Law of Effect & Operant Conditioning
Later, psychologist Edward Thorndike came up with the concept of instrumental conditioning when he observed the impact of reinforcement in puzzle box experiments with cats trying to escape. He called this process “trial-and-error” learning.
Thorndike proposed the Law of Effect3, which stated that if, in the presence of a stimulus, a response was followed by a satisfying event (reinforcer), the bond between stimulus and response was strengthened.

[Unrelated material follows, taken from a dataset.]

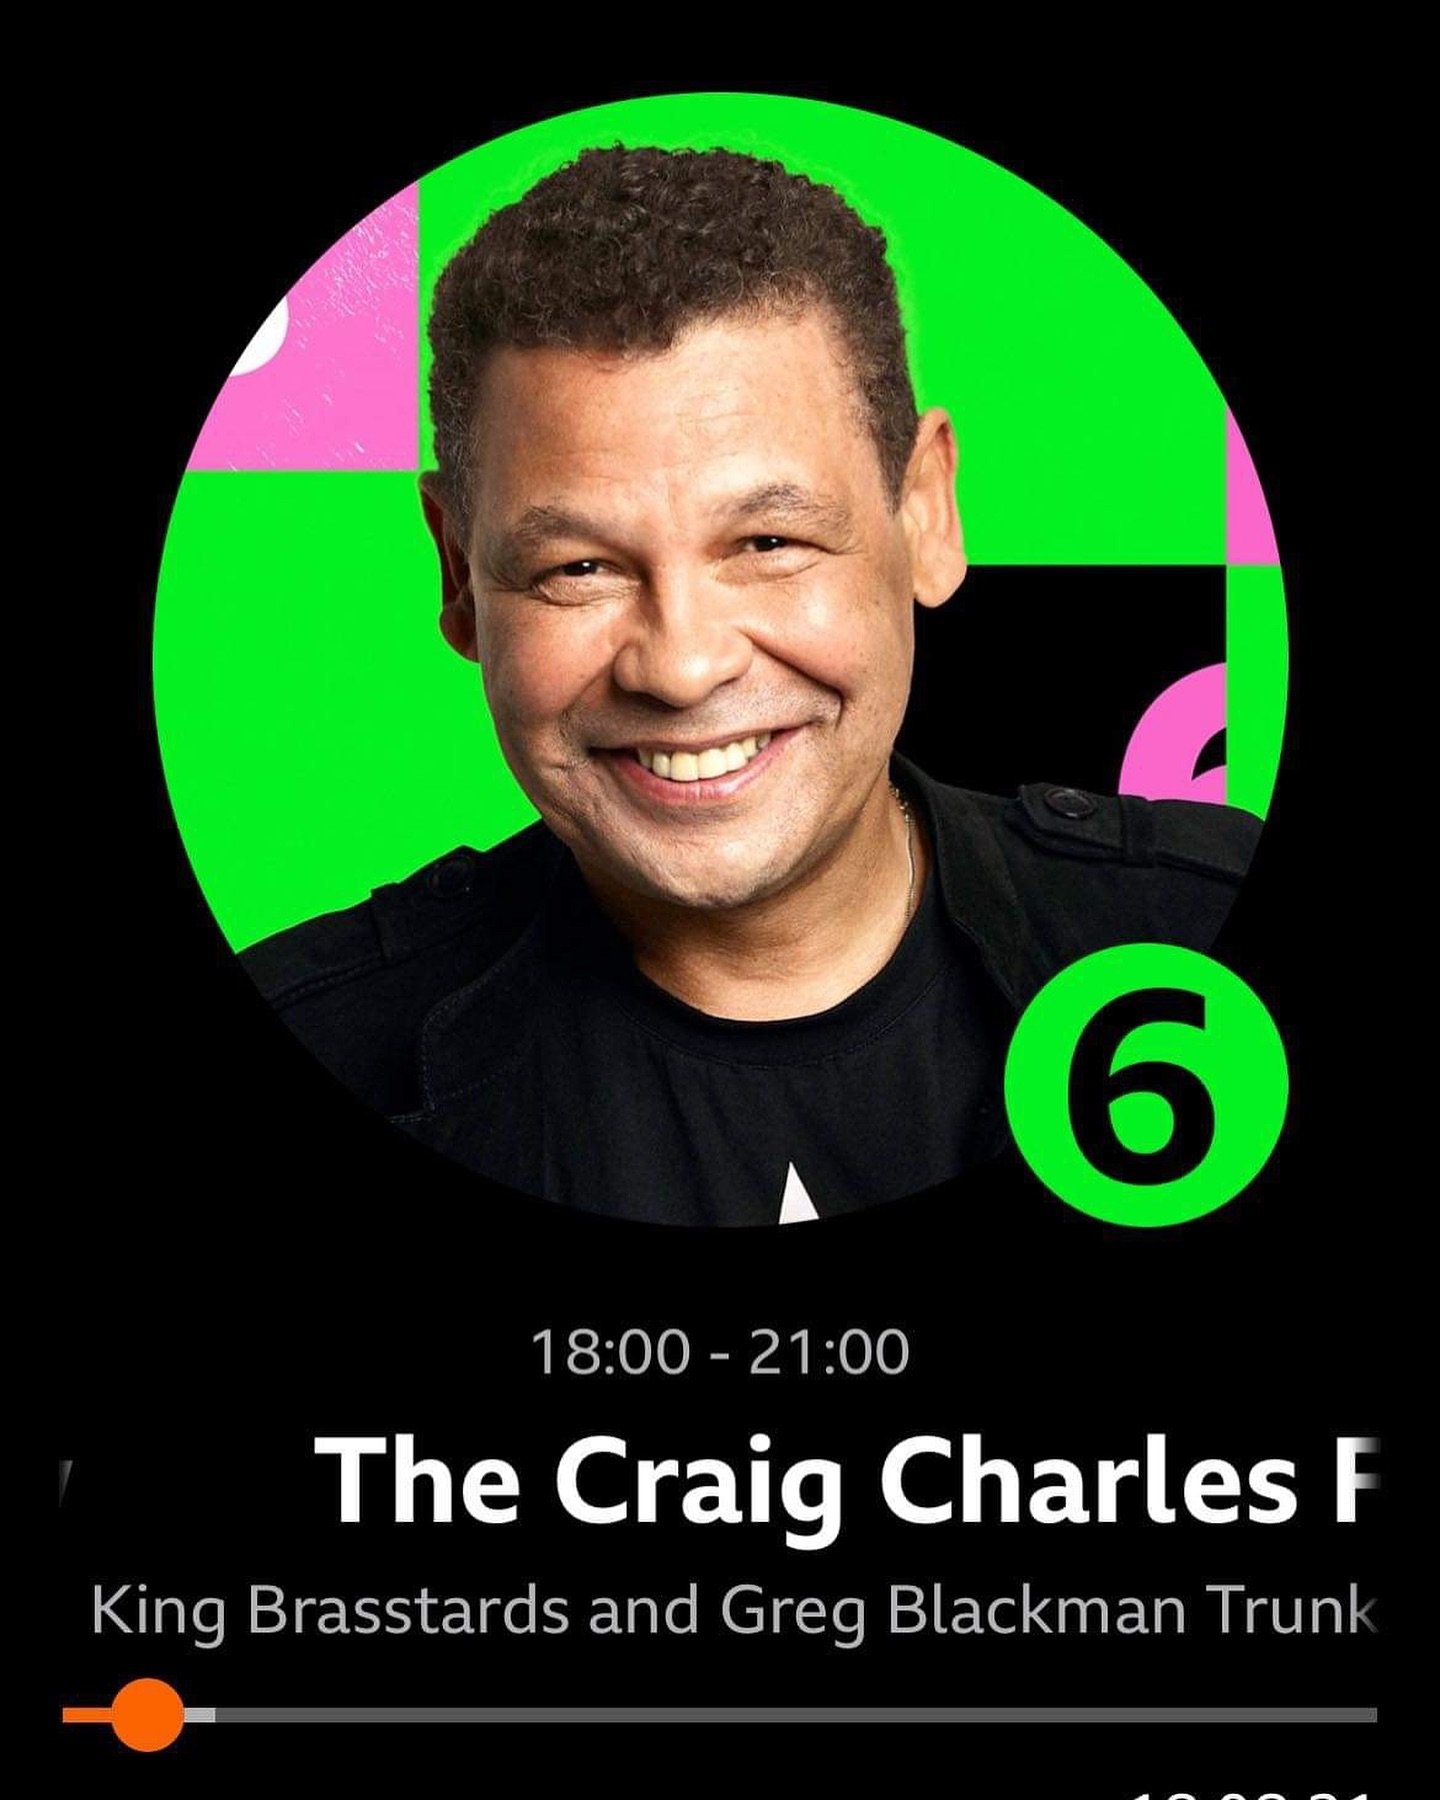 Tune in now to our joint Trunk of Funk with @mrgregblackman on @bbc6music with the one and only @craigcharlesfunkandsoul Just search &lsquo;Craig Charles&rsquo; on BBC sounds or on your browser/smart speaker 😎 #trunkoffunk #craigcharles #6music 

Hu

Conversely, if a response-stimulus event was followed by an unsatisfying event (punisher), the bond was weakened.
In the early 1900s, psychologist B.F. Skinner built on the concepts of reinforcer and punisher to create the theory of operant conditioning.
Skinner believed that Pavlovian conditioning was far too simple to explain complex human behavior thoroughly. He believed that the best way to understand behavior was to observe its causes and consequences1.
In Skinner’s operant conditioning paradigm, behavior can be manipulated when it is followed by reinforcement or punishment.
Unlike classical conditioning, which involves unconscious reflexive behavior, operant behaviors are behaviors under conscious control. Applying reinforcement and punishment creates a deliberate and conscious learning process.
To study operant conditioning, B.F. Skinner made a chamber, called the Skinner Box, and put a small animal inside. In the experiments, each time the animal pressed a lever or a bar, it received food or water as reinforcement4.
Through his experiments, Skinner distinguished two types of consequences that could affect new learning: reinforcement and punishment.
Reinforcement increases target behavior, while punishment decreases it.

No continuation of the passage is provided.